Fluid Force Problem- Caclulus II

[lovelylila]

Problem:
A porthole on a vertical side of a submarine submerged in sea water has a diameter of 2r feet. Sea water has a weight density of 64 pounds per cubic foot. Find the fluid force on the porthole, assuming that the center of the porthole is d feet below the surface.

Relevant Equations:
fluid pressure= weight * height aka p=wh
fluid force= p*A, A being the area the force is exerted on.

Attempt at Solution:

I know its going to be the integral of p*A bound from zero to some number. I thought that p might equal 64y (the weight times the height), but that seems too simple and I think "d" has to be incorporated into that part of the integral somehow.

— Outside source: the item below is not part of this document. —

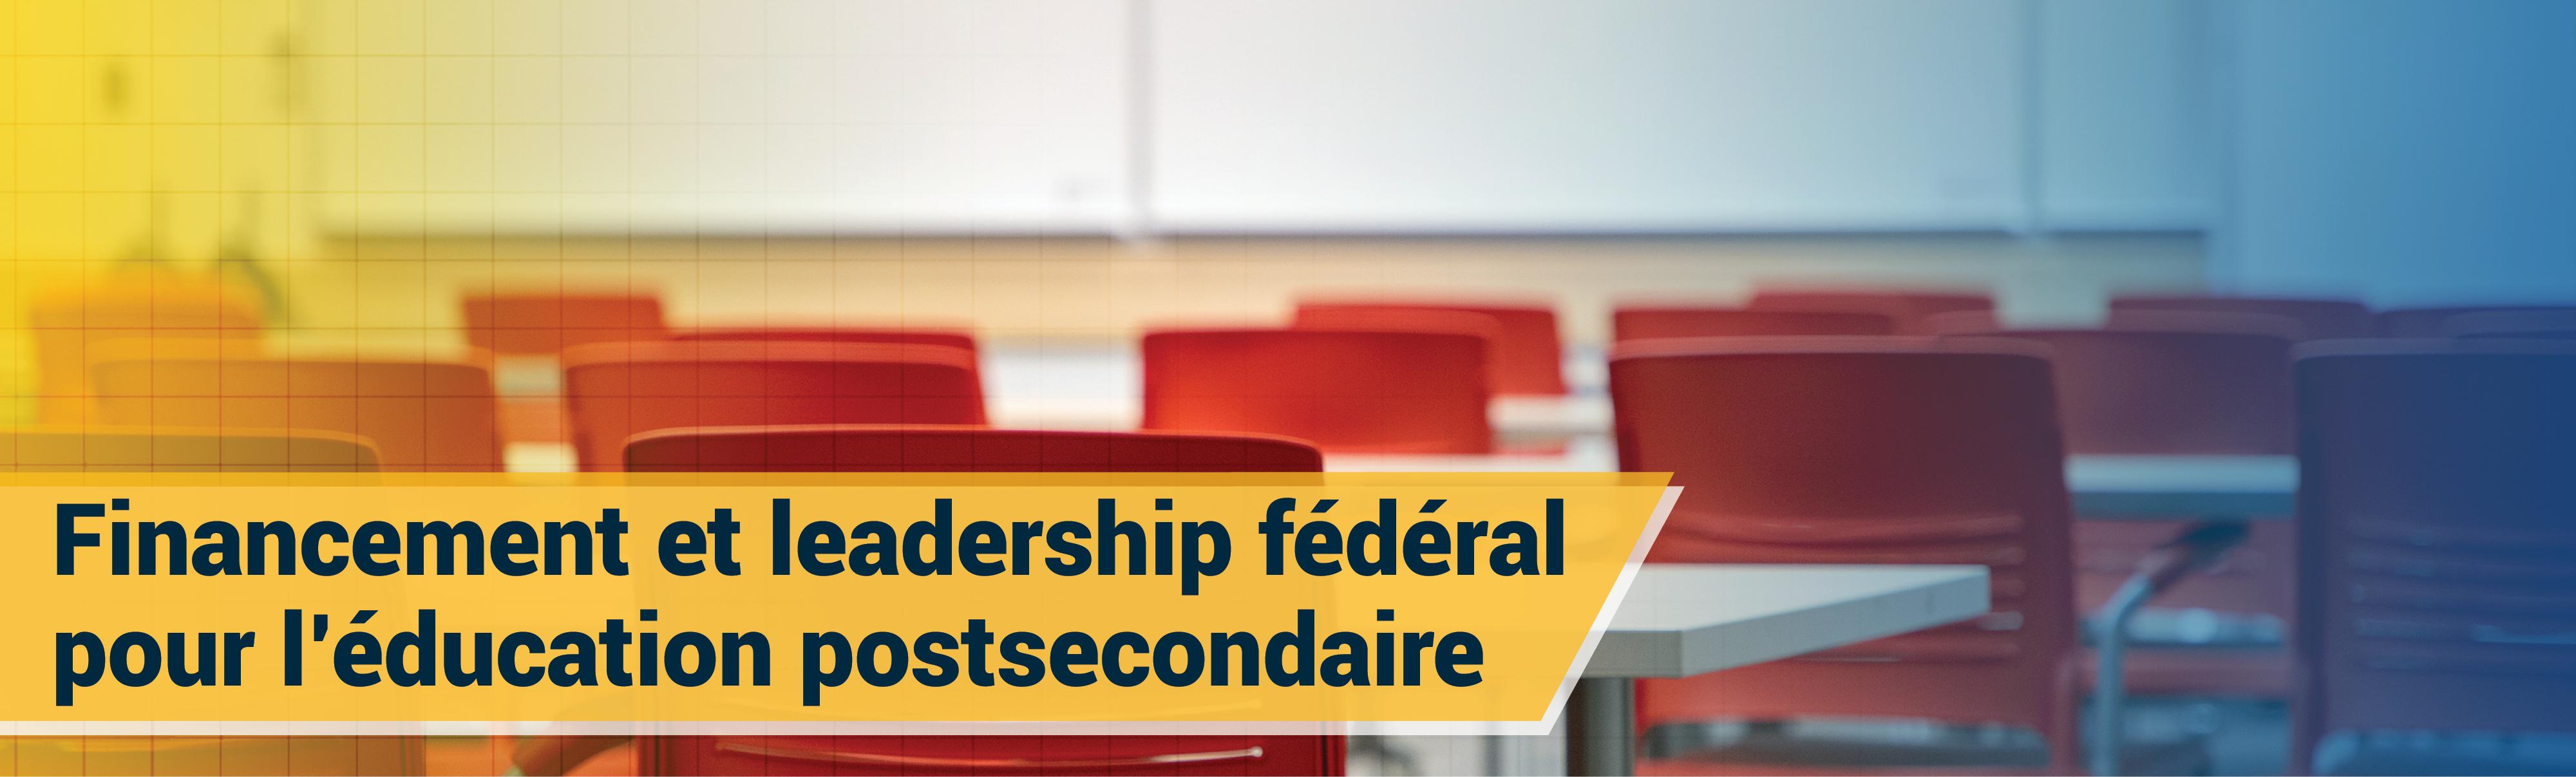 Financement et leadership fédéral pour l'éducation postsecondaire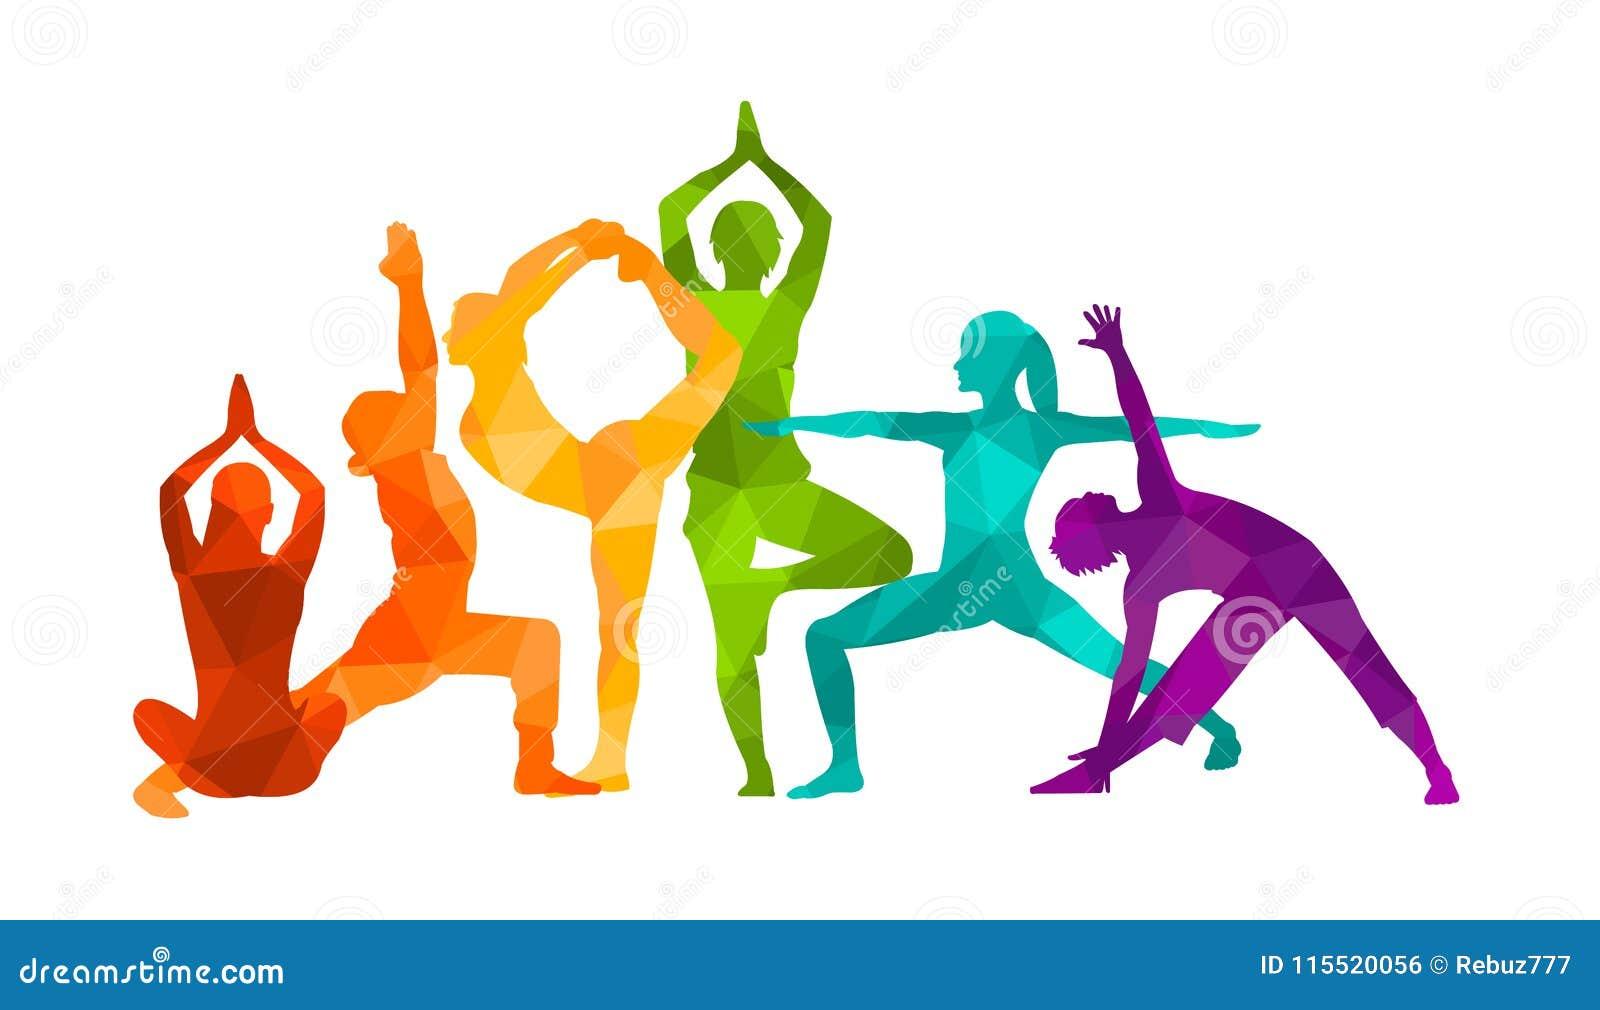 De gedetailleerde kleurrijke vectorillustratie van de silhouetyoga Het concept van de geschiktheid gymnastiek AerobicsSport

For A, I used the equation of the circle, x^2 + y^2 = r^2, A=y= square root (r^2-x^2). That's where I stopped, because none of that seems right, I feel like I need to have everything in terms of one or two variables in order to integrate and actually find the fluid force. P

Please help, I am so stuck and frustrated, I drew a diagram but it's not helping much! I desperately need to figure out the correct answer to this problem!

 

[HallsofIvy]

"A porthole on a vertical side". The porthole is vertical and different horizontal lines drawn across the porthole have different depths. Your diagram should be a circle with at least one horizontal line across it representing a section of the porthole at a constant depth. Since the center of the porthole is at d feet, and has radius r feet, the depth of each part of the porthole ranges from d-r feet (top) to d+r feet (bottom). Those should be the limits of integration. The equation of a circle of radius r with center at (0, d) is, of course, x^2+ (y-d)^2= r^2 or x= \sqrt{r^2- (y-d)^2}. A horizontal strip at depth y, thickness dy, will have area \sqrt{r^2- (y-d)^2}dy. The pressure at depth y is 64y so the total force on that strip is 64y\sqrt{r^2- (y-d)^2}dy. That's what you need to integrate.

 

[lovelylila]

thank you VERY much, but how does one go about integrating that? help, I'm very stuck, i tried using u-substitution for the square root, but i feel that somehow there should be an easy way to integrate the square root function, because its a circle...